Decision Date06 March 1996
Docket NumberCivil No. 94-2249 (GG).
PartiesAngel SOPEÑA and others, Plaintiffs, v. COLEJON CORPORATION, Defendant.
CourtU.S. District Court — District of Puerto Rico

COPYRIGHT MATERIAL OMITTED

Shapiro & Lugo, Anibal Lugo Miranda, Hato Rey, PR, for plaintiffs.

Wallace Vazquez Sanabria, San Juan, PR, for defendant.

OPINION AND ORDER

GIERBOLINI, Senior District Judge.

Pending before this court are several motions filed by defendant Colejon Corporation ("Colejon") requesting, among other things, the dismissal of the case. Before addressing these motions, we must first determine if we have removal jurisdiction, that is, whether we have original subject matter jurisdiction in this case.1

BACKGROUND

This action was commenced by seventeen (17) employees of Colejon in the Puerto Rico Superior Court, San Juan Part, to recover compensation owed to them for the worked performed during their meal time, "in violation of the provisions of labor laws regulating this matter." (See Complaint, docket entry # 1). Defendant removed the case from the state court based on diversity jurisdiction. Afterwards, defendant filed motions requesting the court to dismiss the case against plaintiffs for their lack of prosecution and cooperation in the discovery process or in the alternative to compel them to comply with the proposed discovery and impose sanctions on plaintiffs. Plaintiffs did not oppose the notice of removal nor have requested the case to be remanded. On June 1, 1995 we granted defendant's motion for removal.
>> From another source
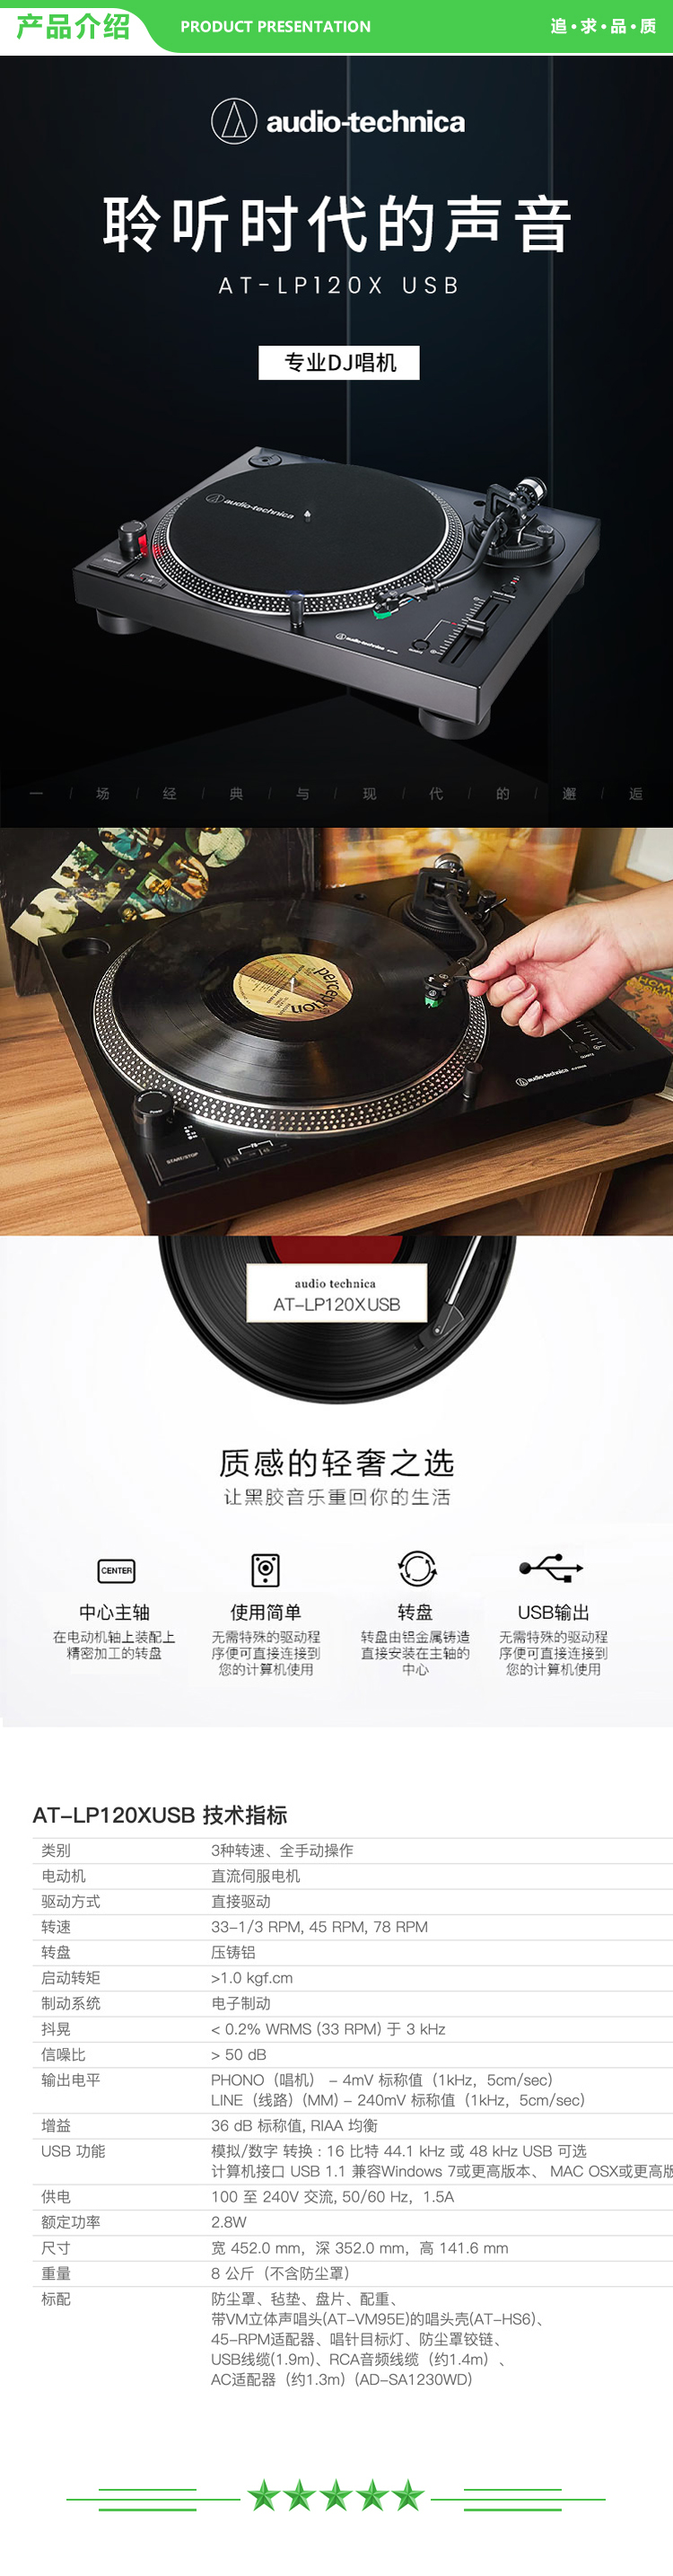 铁三角 Audio-technica AT-LP120XUSB 专业直接传动唱盘机 黑胶唱机 复古留声机黑胶唱片机 .jpg

Seven (7) days after the expiration of the deadline agreed by the parties2 for amending the pleadings, plaintiffs filed an amended complaint asserting new claims for back wages, pursuant to Puerto Rico Law No. 379 of May 15, 1948, 29 L.P.R.A. §§ 271 et seq. They also claimed payment of an undetermined amount of compensation under the contract between defendant and the U.S. Navy for the rendering of maintenance services at its Roosevelt Roads Base in Ceiba, Puerto Rico. (See, Amended Complaint, docket entry # 14). Defendants duly opposed.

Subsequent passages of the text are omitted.